France's farmed animal protections comply with the minimum standards set by the European Union (EU). As for animals used in research, the Rural and Maritime Fishing Code sets out licensing and welfare requirements, founded on The Three Rs: reduce the number of animals used, refine methods to cause less suffering, and replace animals where it is deemed scientifically appropriate. In 2005, the French government resisted the EU's ban on testing cosmetics on animals, taking its case to the European Court of Justice, where it was defeated.

In 2014 and again in 2020, France received a C out of possible grades A, B, C, D, E, F, G on World Animal Protection's Animal Protection Index. In 2015, the French parliament amended the French Civil Code to change the classification of non-human animals from "moveable property" to "living beings gifted sentience". However, the law does not specify what protections, if any, animals have as "living beings gifted with sentience", so it is unclear whether this will lead to changes in animal welfare policy.

== Animal issues ==

=== Animals used for food ===

==== Animal agriculture ====
Animals raised and killed for food in France each year include:
- 13.3 million pigs (herd size) (2014)
- 19.25 million bovine animals (herd size) (2014), the highest in the EU
- 7.17 million sheep (herd size) (2014)
- 0.94 million goats (herd size) (2014)
- 745 million chickens (total killed) (2014)
- 76 million ducks (total killed) (2014)
- 46 million turkeys (total killed) (2014)
- 51.3 million egg-laying hens (herd size) (2010)
- 205,000 tons of aquaculture animals (2012)
- 529,000 tons of wild-caught marine animals (2013)
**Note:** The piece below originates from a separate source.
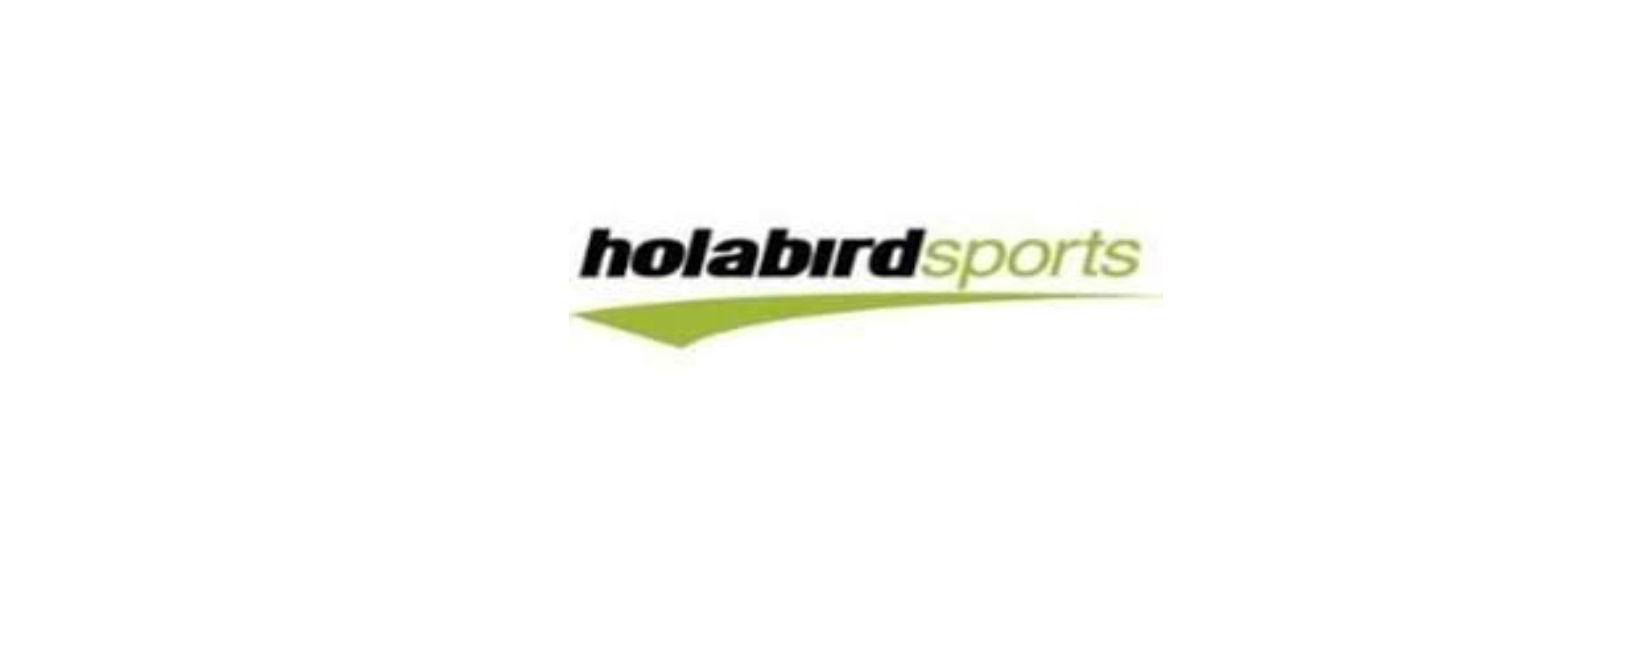 Holabird Sports Discount Code 2022

France is the EU's largest egg producer. In late 2011, French animal activists obtained images from several farms of egg-laying hens on in barren battery cages, despite the fact that EU rules require larger "enriched" cages. On one farm, five birds on average were in cages designed for three. The group monitored the birds over time, finding that many lost their feathers and had their beaks trimmed, and that dead hens were left in cages.

France is a major producer of the highly controversial delicacy foie gras, which involves enlarging the livers of geese and ducks by force-feeding them for several weeks. Several European countries, including Britain, Norway, Sweden, Germany, and Switzerland, and well as the American state of California have banned foie gras production. In a 2014 survey by a French animal protection group, 47% of respondents said they would support a ban on force-feeding.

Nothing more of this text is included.